As far as their cere's, no they do not look healthy-what it looks like to me is that they were exposed to harsh fumes (teflon, perfumes, sprays, etc) They have very sensative repiratory systems and lots of things that are ok for us iritate theirs. I think once they get settled in the normal color should be restored (no more reddish noses).

I would go ahead and mist them, or offer them a bath, it'll help since they were in a dirty enviroment.It's crazy that they were never let out too...mine would have a heartattack if I didn't let them roam around daily. I keep telling them they have it good! Anyways, I think you'll find this link on cockatiel behaviors very helpful  http://www.biseinen.com/shango/tielbodylanguage.html Any questions, just ask. Also, when you get a chance, check out this section. If they were never let out, I am MORE then sure they never had veggies, fruits or other fresh foods either.
http://talkcockatiels.com/forumdisplay.php?f=22


----------



## Coreyrox (Mar 9, 2009)

I'm of no help on the cere question but I find that most things that are bad for birds to inhale are really not great for us to inhale either.
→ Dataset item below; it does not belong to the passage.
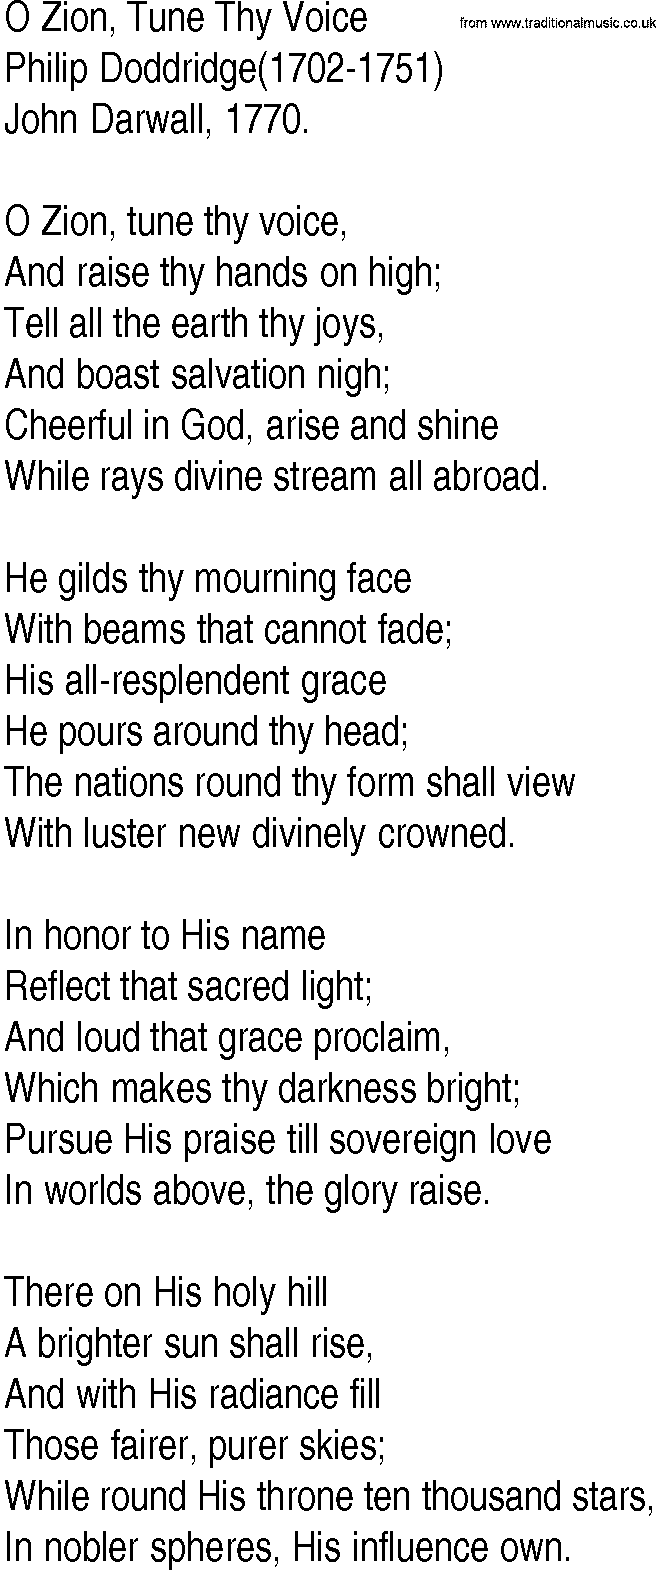 Hymn and Gospel Song: O Zion, Tune Thy Voice by Philip Doddridge lyrics
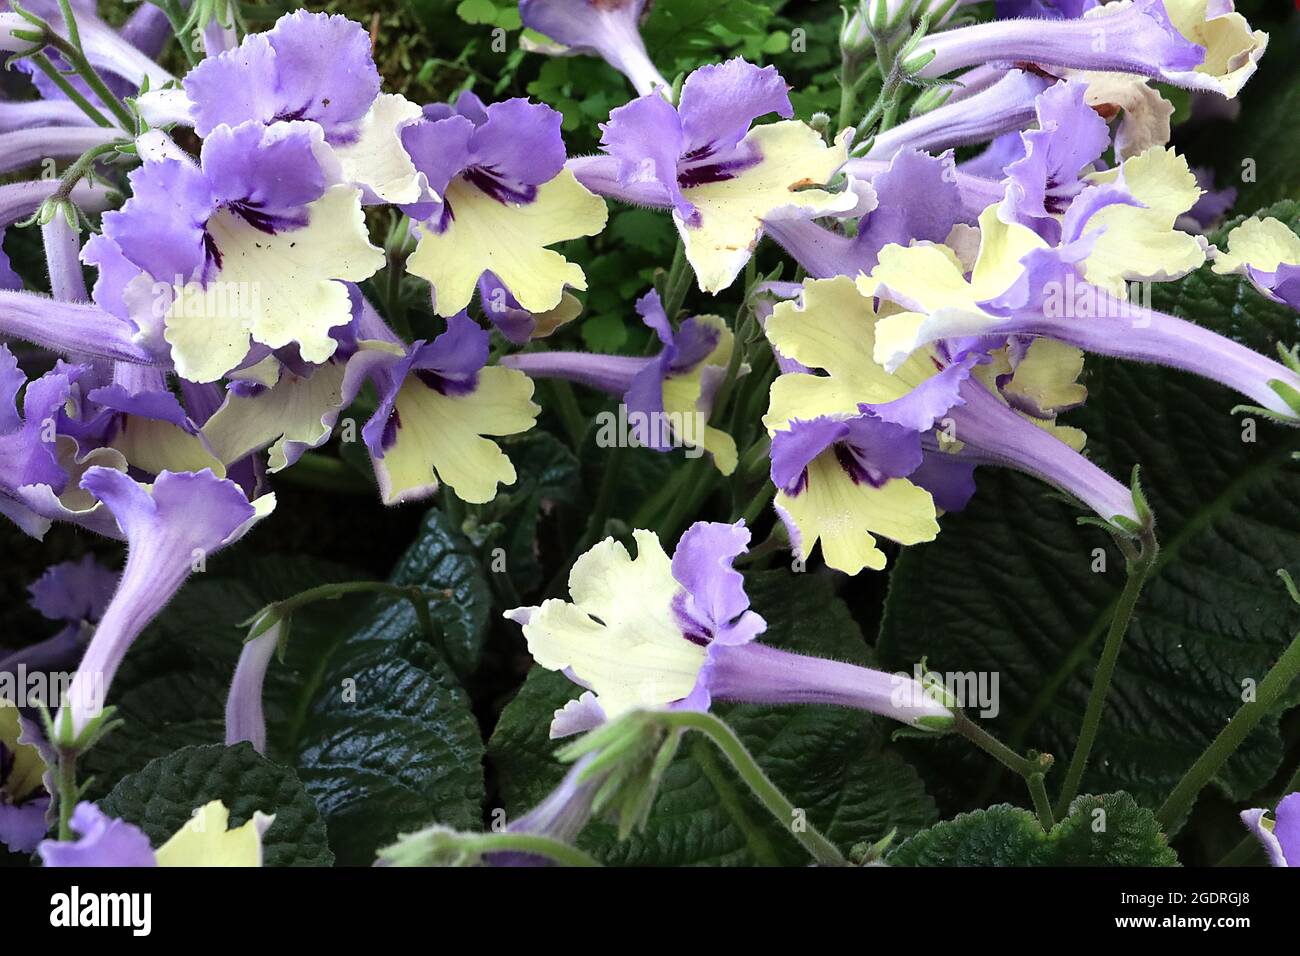 Streptocarpus ‘Harlequin Blue’ Cape primrose Harlequin Blue – violet blue flat-funnelled flowers, pale yellow throat with dark purple lateral stripes, Stock Photo

It just takes longer for us to get the full effect of what we do. Cleaning products perfume teflon fumes are all bad for us too. I am so glad I decided to get birds because I was a heavy teflon cook and I hate that we were eating off of it all those years. I knew no better. There have been no long term studies done on the effects of ingesting and inhaling teflon on a regular basis. I prefer my cook ware to not be coated at all. I wear perfume from time to time but clean with all natural products. What is the point of a clean house if you can't be healthy in it  LOL Okay so back on track......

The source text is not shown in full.